Valuation Update of Check Point Software after FY 2019 results

Check Point Software Technologies Ltd. released Q4 results and its Annual Report 2019 on February 3rd, 2020. Time to check my underlying assumptions and to update my valuation model if neccessary …

This is not investment advice. Please read the disclaimer.
I do currently own Shares of Check Point Software Technologies Ltd. (CHKP US).

To read about Check Points Business and Products in more detail, please read my initial post on Check Point

Key Topics

  • Overall Revenues in Q4 was in-line (+3% YoY, despite included FX headwinds); Billings missed estimates, though.
  • Operating Profit Margins came down during both Q4 and FY 2019
  • Earnings per Share increased, helped through SBBs
  • Check Point continued its SBBs and announced a new 2 bn USD repurchase program with a quarterly max. 325 mn USD.
  • CHKPs uninspiring Guidance for 2020

Revenues

Total revenues in Q4 were reported as 544 mUSD (+3.4% YoY) bringing revenues for the full year (ending Dec 31, 2019) to 1,995 mUSD, representing an increase of +4.1% from 2018. I modeled revenue of 1,999 for 2019.
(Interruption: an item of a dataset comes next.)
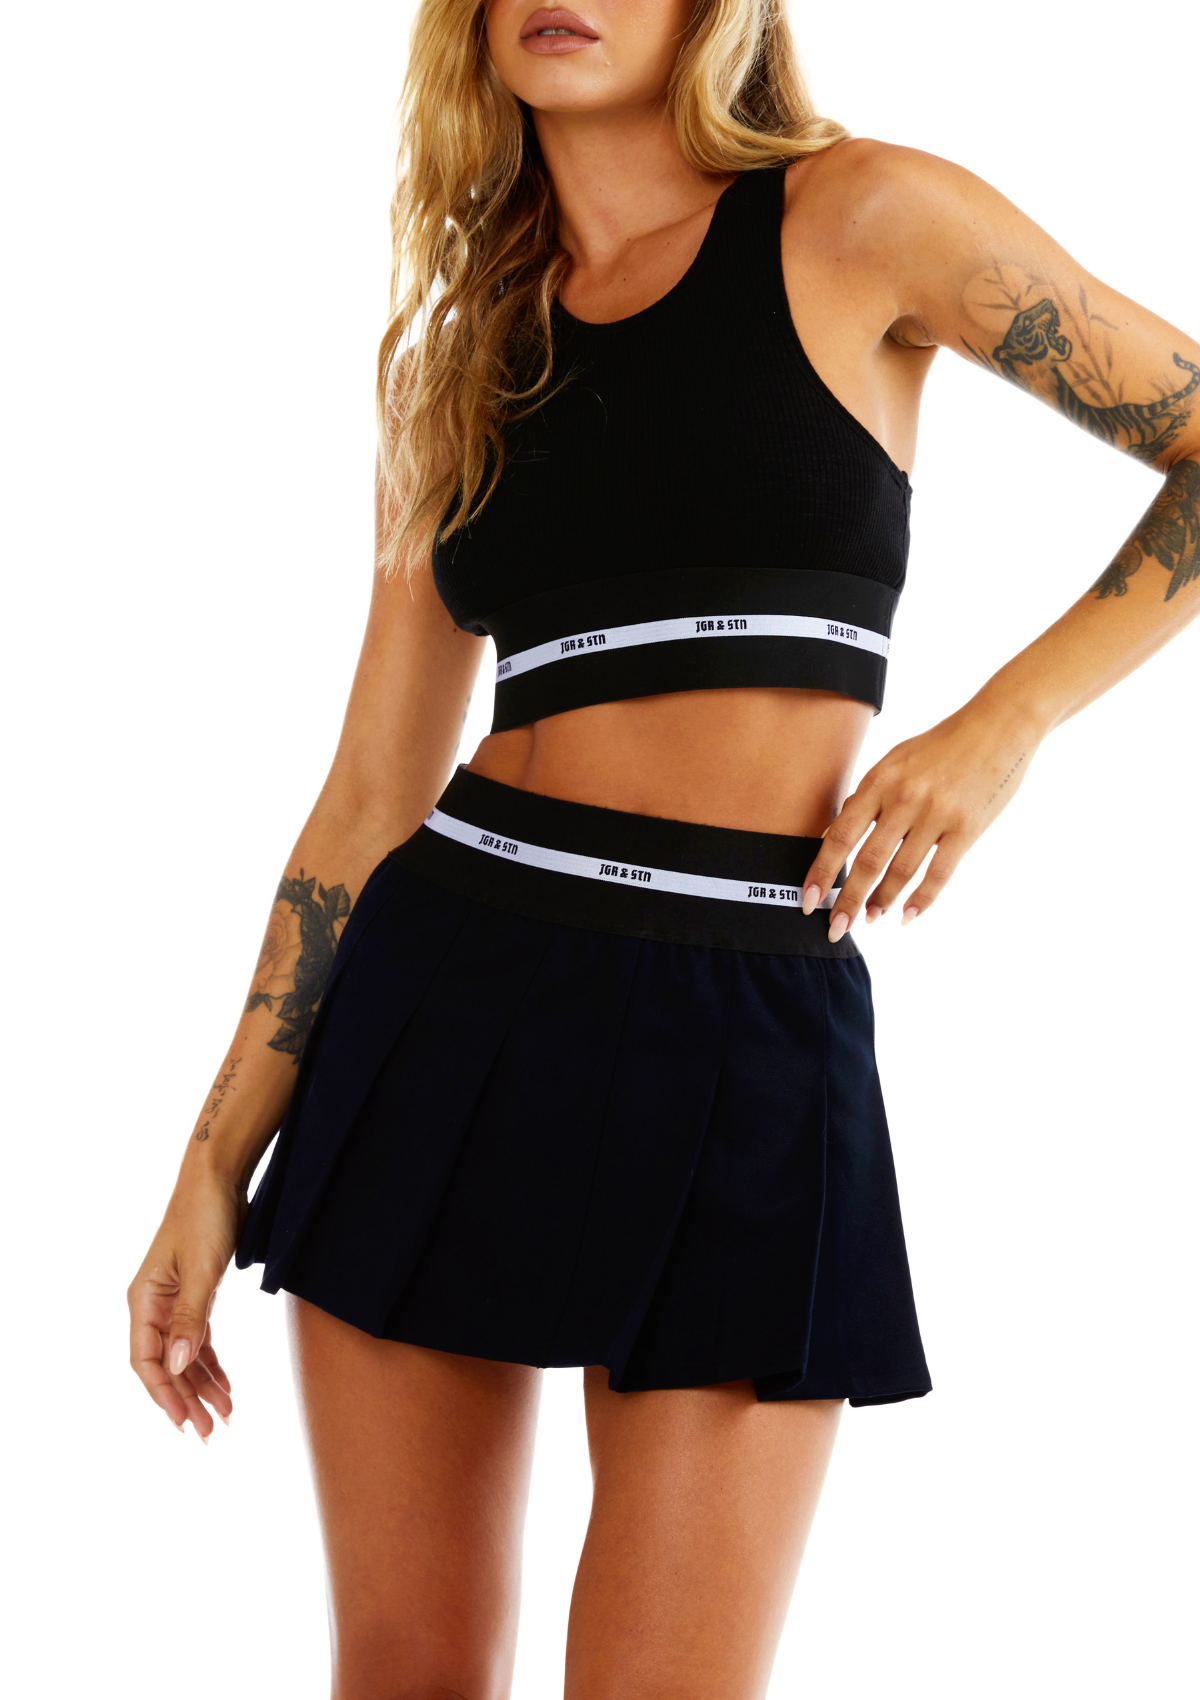 Erin Mini Skirt Black and White Sport Lifestyle Tennis skirt branded mini pleated skirt

The subscription segment reached over 600 mUSD in Revenue in 2019, driven by Cloud an Mobile and zero-day advanced thread prevention technolgies. Deferred Revenue at the end of 2019 increased further (+3.7%) to 1,387 mUSD (2018: 1,337), indicating continued stonger underlying growth (vs reported) and transition to substriptions. The annual growth of Deferred Revenue favours Cashflows from Operations vs Operating Income, since Cash Inflows occur earlier than Revenue is earned.

Profit Margins came down

Both GAAP and Non-GAAP* Operational Income came down during Q4 and for FY 2019.

Attention: Non-GAAP figures exclude significant Share based compensation (SBC) expenses which should be taken into account when valueing a business.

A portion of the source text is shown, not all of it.